State suspends ISTEP+ testing



Indiana has suspended online ISTEP+ testing at schools across the state because of continuing problems with its vendor, CTB McGraw-Hill.

Problems that first surfaced Monday popped back up Tuesday morning at schools in Jackson County and elsewhere.

Superintendent of Public Instruction Glenda Ritz suspended testing statewide Tuesday afternoon. Testing was expected to resume Wednesday.

“I am greatly disappointed to learn that Indiana schools had their ISTEP+ testing interrupted for a second consecutive day.  Like all Hoosier parents, students and teachers, I find these interruptions frustrating and unacceptable," Ritz said in a written statement. “We have been constantly monitoring the situation this morning.  Between approximately 7:30 and 11 a.m. over 150,000 test sessions were completed.  At approximately 11:15 a.m., there was a spike in test interruptions. 

“Because of these errors, I have instructed the Department of Education to suspend testing for the remainder of the day," she added. "This decision was not made lightly, but was done to minimize further disruptions for our schools.  All of our students deserve to take a test that is valid, accurate and reliable."

Ritz said CTB McGraw-Hill said testing will be able to continue Wednesday.

Brian Rodman of Seymour Community Schools said the morning started smoother than Monday, but the problems of computers losing connection resurfaced aroun 10:30 a.m., about an hour later than they appeared Monday.

"One building has suspended testing for the day," Rodman said.

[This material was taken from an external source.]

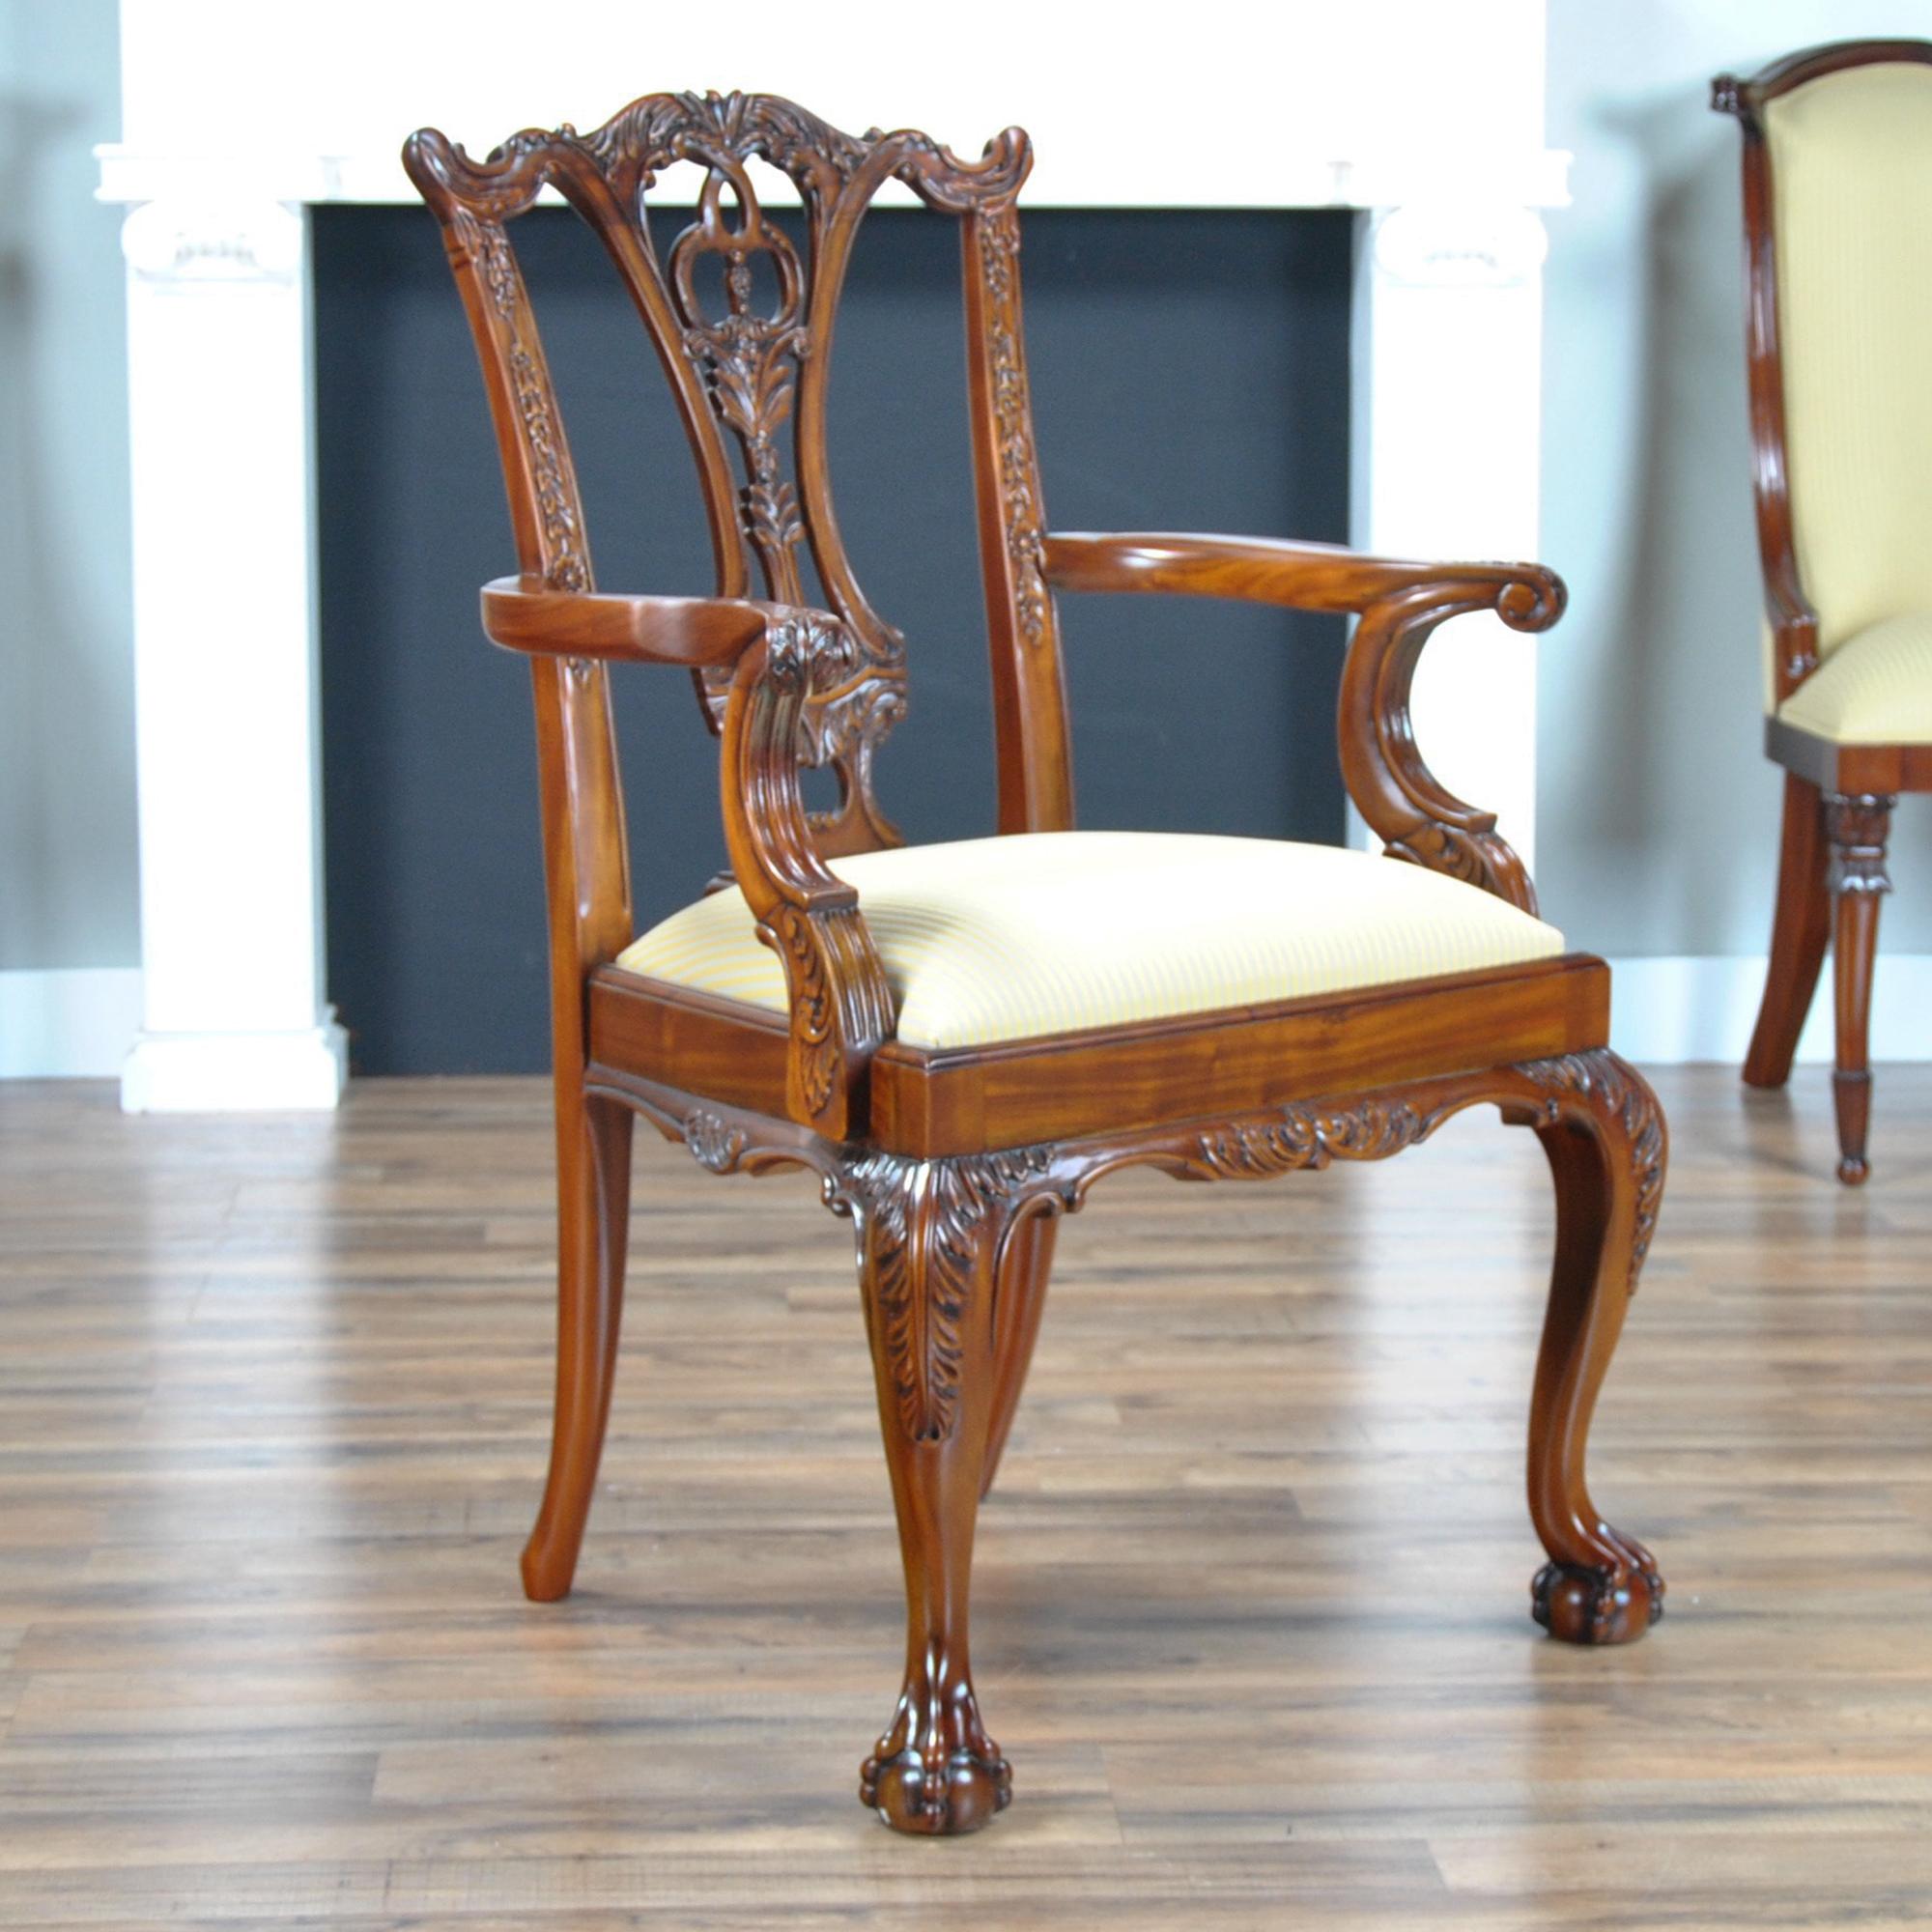 This set of ten Standard Chippendale Chairs has sold so well over the years that it has become known at our shop as the set of “Standard Chippendale Chairs”. A carved crest rail, foliate carved back splat, and legs featuring acanthus carvings as

That building 2was Margaret R. Brown Elementary School, where students in grade three, four and five are scheduled to take the test this week.

"We got some makeups done and some new testing, but then the problems popped back up again," Rodman said.

Sister papers of The Tribune report similar problems with schools in Bartholomew and Johnson counties.

Daniel Altman with the Indiana Department of Education said Monday that vendor CTB McGraw Hill has promised to have the problem with its servers corrected by the start of school Tuesday morning.

The state reported that about 27,000 children were disrupted while taking the test Monday.